Externe Veiligheid, ofwel Modernisering Omgevingsveiligheid (MOV), vormt een belangrijk onderdeel van de nieuwe Omgevingswet. De manier waarop we omgaan met de risico’s van gevaarlijke stoffen verandert. Het Plaatsgebonden Risico (PR) blijft weliswaar ongewijzigd, maar het begrip Groepsrisico (GR) verdwijnt. Of liever: gaat voor een deel op in nieuwe zogenaamde aandachtsgebieden. Hieronder verstaan we die locaties waar mensen mogelijk bloot staan aan de gevolgen van een brand, explosie en/of gifwolk veroorzaakt door een ongeval met gevaarlijke stoffen. Op die locaties binnenshuis, bijvoorbeeld in woningen of op werkplekken, dienen beschermende maatregelen te worden getroffen.

Veranderingen

Als gemeenten ervoor kiezen om in zo’n aandachtsgebied nieuwbouw te ontwikkelen of kwetsbare locaties wil toestaan, moeten zij bouwkundige maatregelen treffen. In dat geval is het bouwvlak een ‘voorschriftengebied’ en dient men te voldoen aan de regels uit het Besluit Bouwkundige Leefomgeving (BBL). In dat besluit wordt onderscheid gemaakt tussen Beperkt kwetsbare, Kwestbare- en Zeer Kwetsbare Gebouwen (ZKG), Kwetsbare Locaties (KL) en Beperkt Kwetsbare Locaties (BKL). Inderdaad, laatstgenoemde afkorting is dezelfde als het Besluit Kwaliteit Leefomgeving, dus let op. In dat geval moet de initiatiefnemer extra veiligheidsmaatregelen treffen, zoals het gebruik van scherfvrij glas, het aanbrengen van brandwerende scheidingsconstructies of het oprichten van schuilmogelijkheden. Alle verplichte maatregelen zijn te vinden in het BBL.

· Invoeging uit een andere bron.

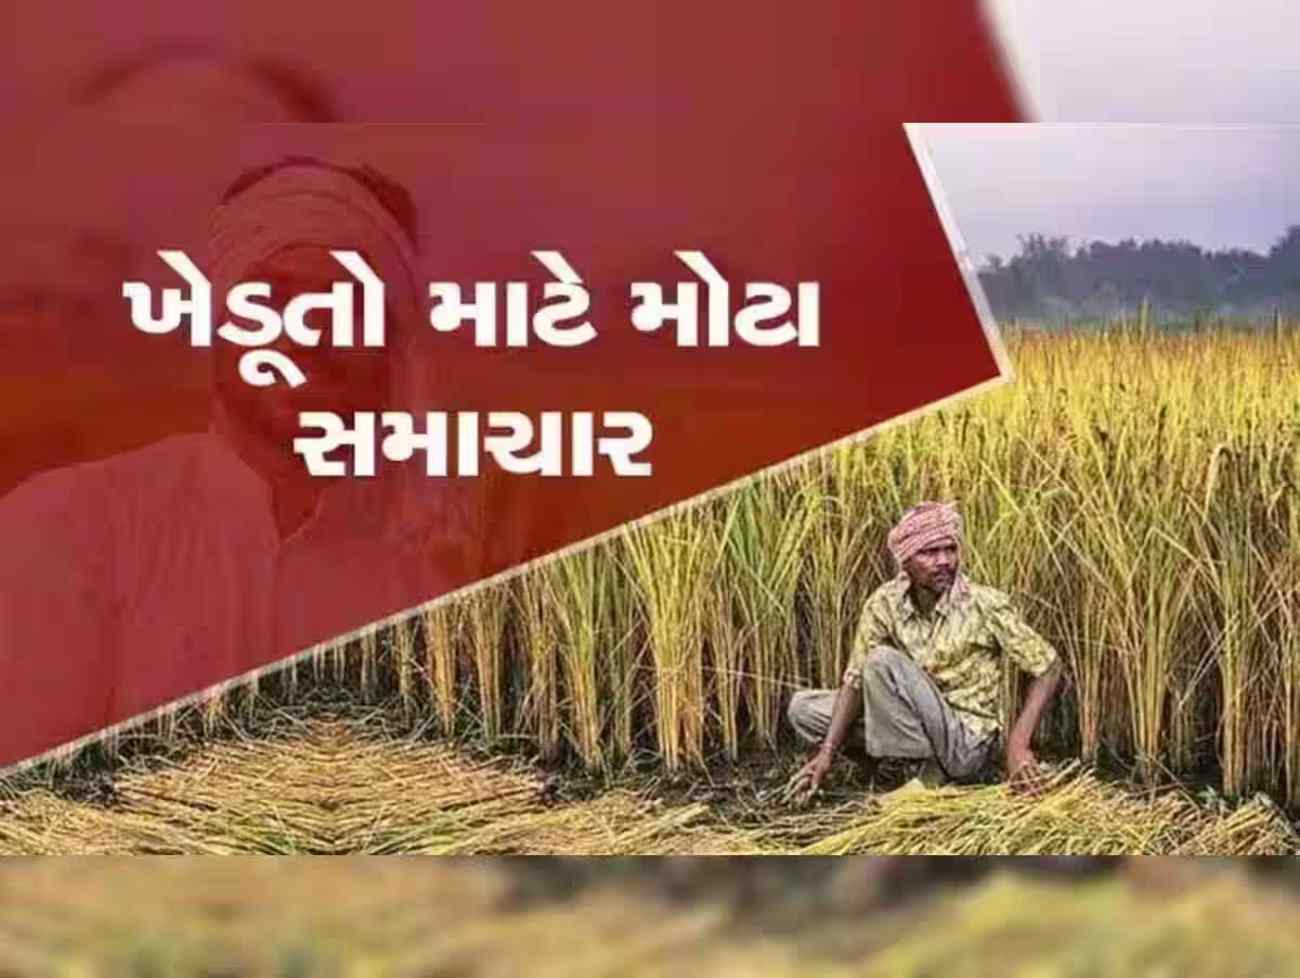 ગુજરાતના ખેડૂતો તૈયાર રહેજો! સરકારી યોજનાનો લાભ લેવા આ તારીખથી ખુલ્લુ મુકાશે આઈ-ખેડૂત પોર્ટલ

Wie bouwkundige maatregelen wil omzeilen, bouwt op berekende veilige afstand van het bedrijf, snelweg of ondergrondse buisleiding waar gevaarlijke stoffen aanwezig zijn of worden getransporteerd. Een combinatie van afstand en andere omgevingsmaatregelen is ook mogelijk.

Instellingen en bedrijven die gevaarlijke stoffen opslaan, overslaan of door ondergrondse buisleidingen vervoeren, moeten zich eveneens aan regels houden. Zij vinden de voorwaarden in het Besluit Activiteiten Leefomgeving (BAL). Als in het BAL is aangegeven dat een activiteit vergunningsplichtig is, dan past het bevoegde gezag (gemeente of omgevingsdienst) het Besluit Kwaliteit Leefomgeving toe. Dit besluit geeft instructieregels voor het verlenen van een vergunning én voor de ruimtelijke ordening in het omgevingsplan (voorheen: bestemmingsplan).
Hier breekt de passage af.